Kilmacduagh is a small village in south County Galway, Ireland, near Gort. The village is in a townland and civil parish of the same name, in Kiltartan barony.

It is the site of Kilmacduagh monastery, seat of a diocese of the same name. The Diocese of Kilmacduagh is now part of the Diocese of Galway and Kilmacduagh in the Roman Catholic Church and in the Diocese of Tuam, Limerick and Killaloe in the Church of Ireland. The former cathedral is now a ruin. The round tower sits beside the cathedral and is from the 11th or 12 century. At 112 feet, it is the tallest tower in Ireland. The towers bell is said to lie at the bottom of a nearby lake.

The village is 5 km to the south-west of Gort via the R460 road.

==Annalistic references==

- M1199.10. John de Courcy, with the English of Ulidia, and the son of Hugo De Lacy, with the English of Meath, marched to Kilmacduagh to assist Cathal Crovderg O'Conor.
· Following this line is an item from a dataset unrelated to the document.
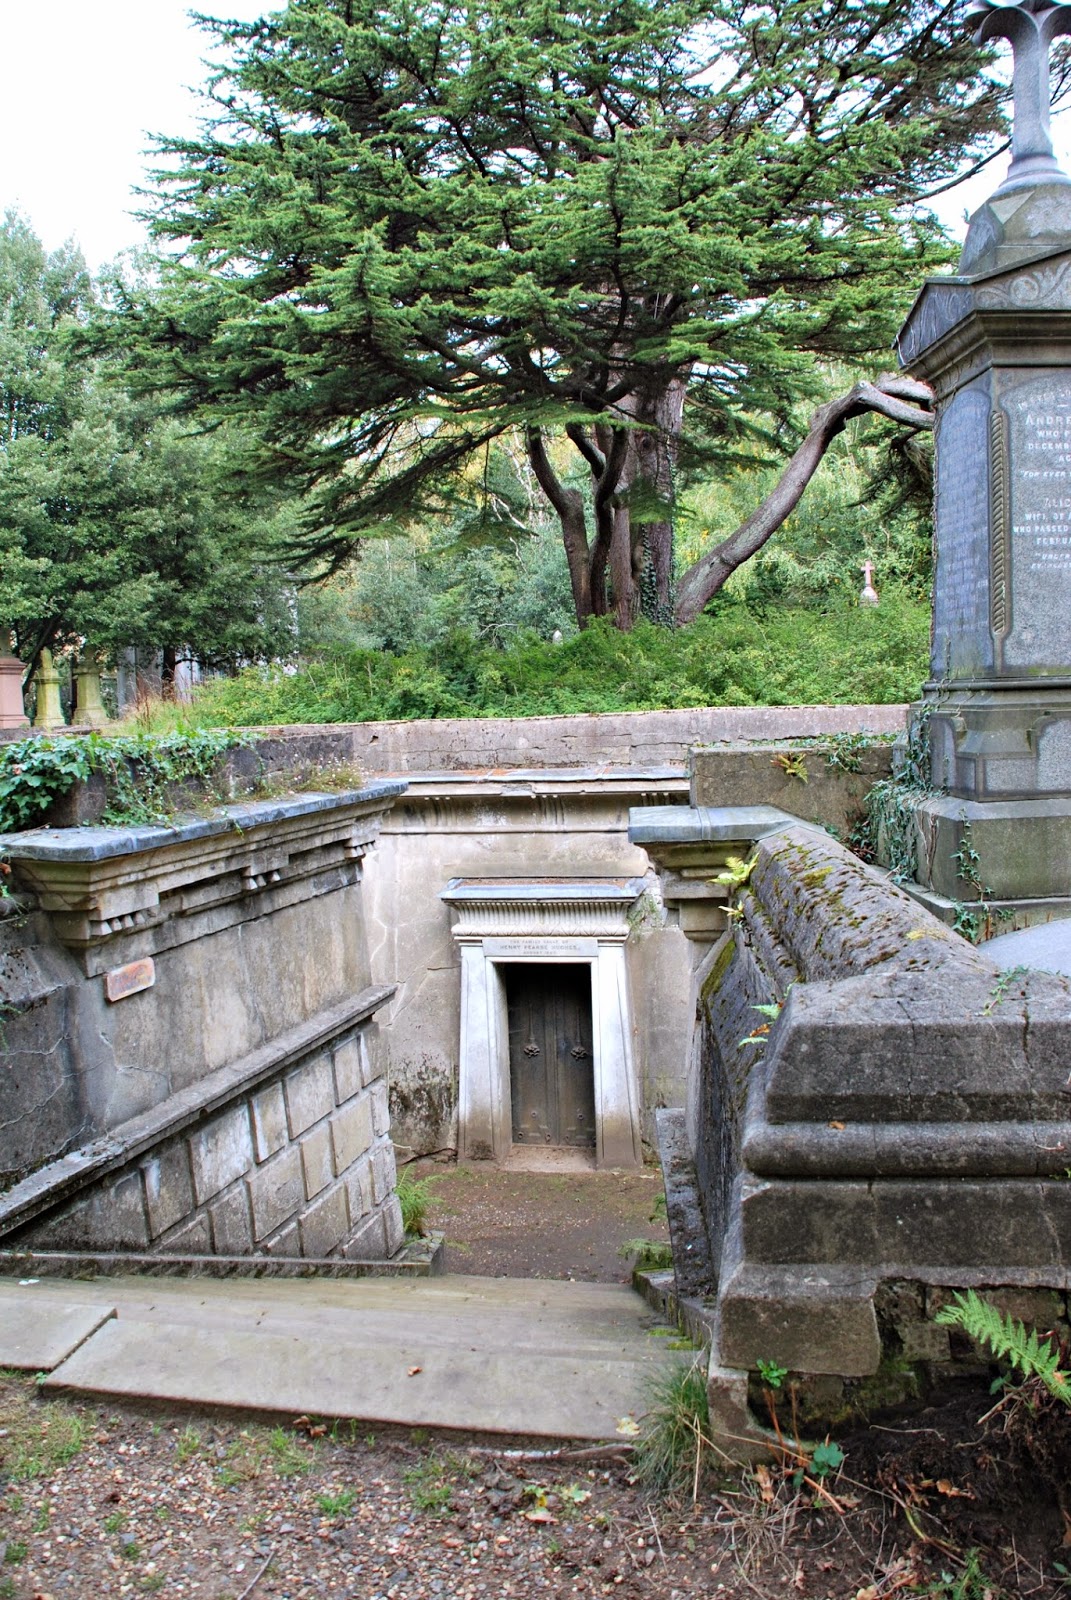 The Circle of Lebanon, Highgate Cemetery, London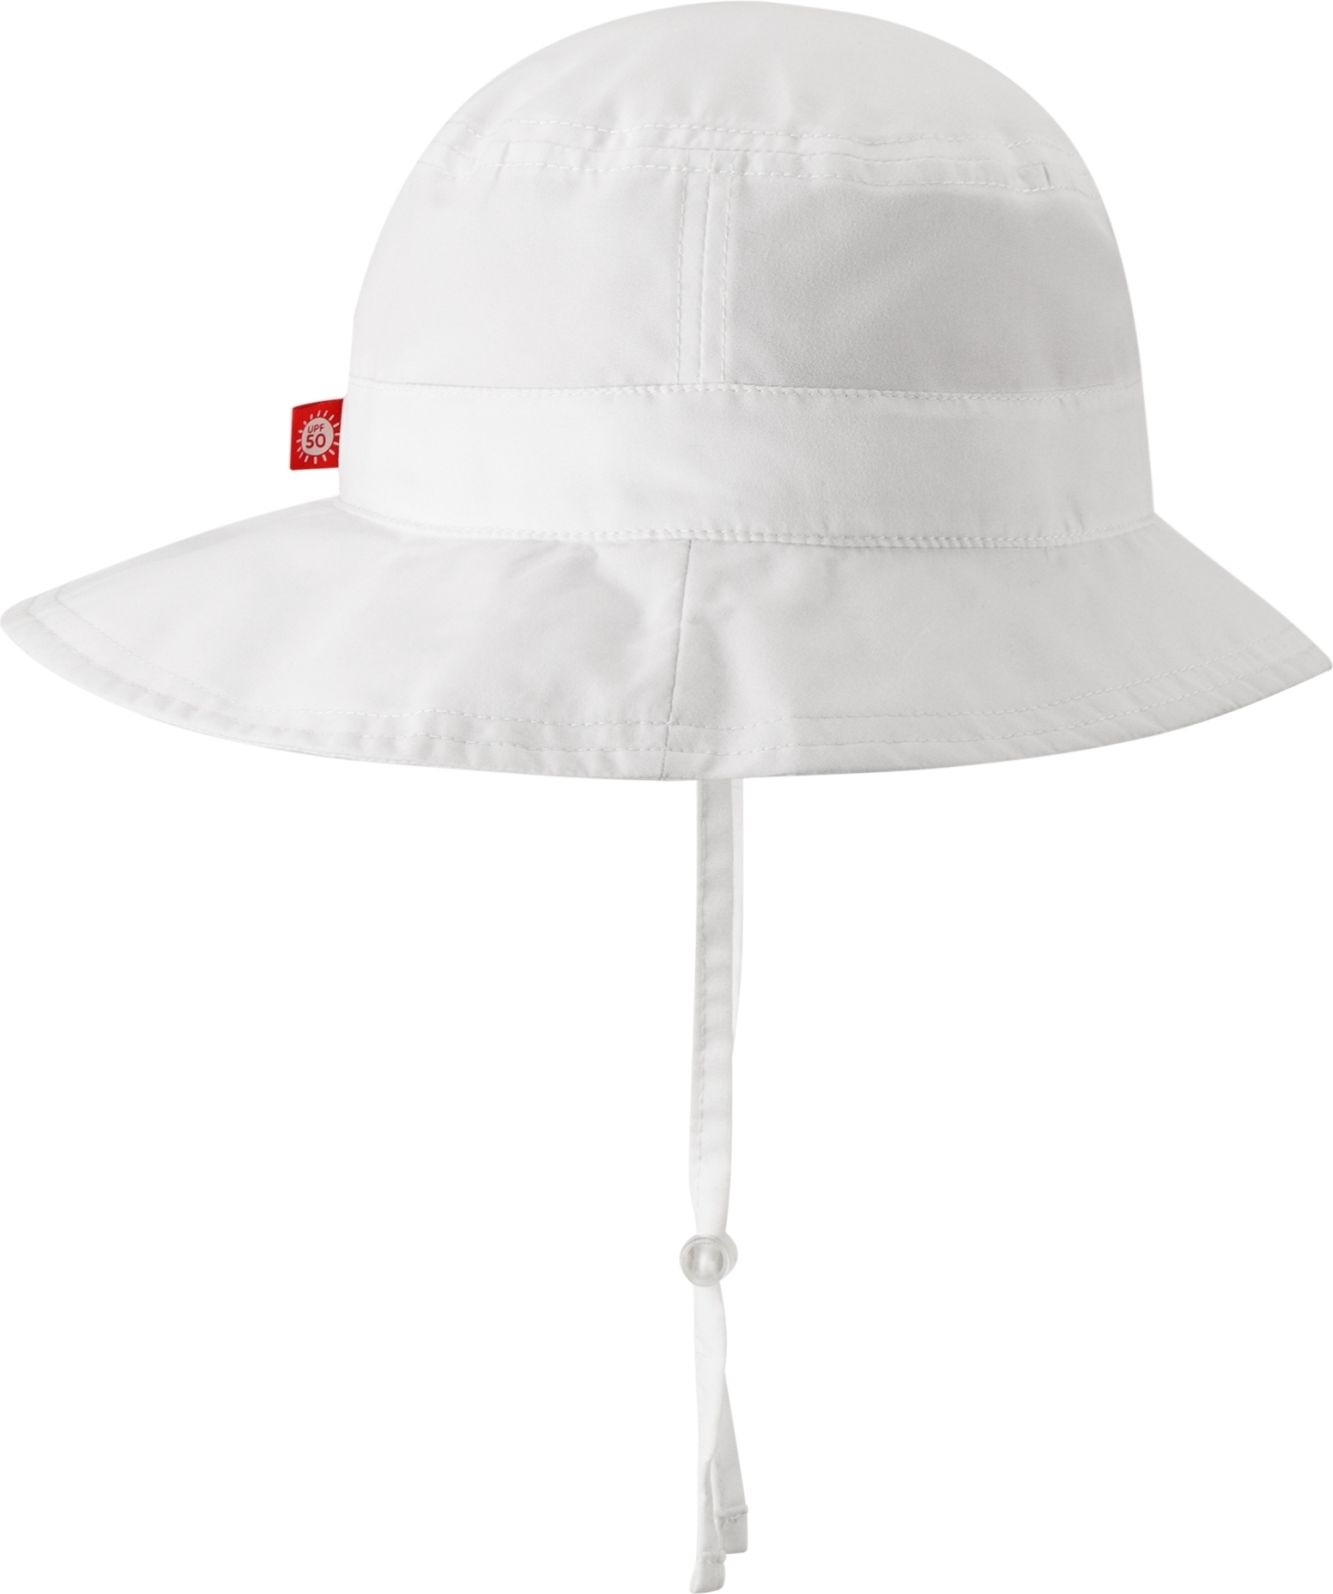 REIMA UV klobouček proti slunci Tropical White 52 - obrázek 1

Cathal Carragh, accompanied by the Connacians, came, and gave them battle: and the English of Ulidia and Meath were defeated with such slaughter that, of their five battalions, only two survived; and these were pursued from the field of battle to Rindown on Lough Ree, in which place John was completely hemmed in. Many of his English were killed, and others were drowned; for they found no passage by which to escape, except by crossing the lake in boats.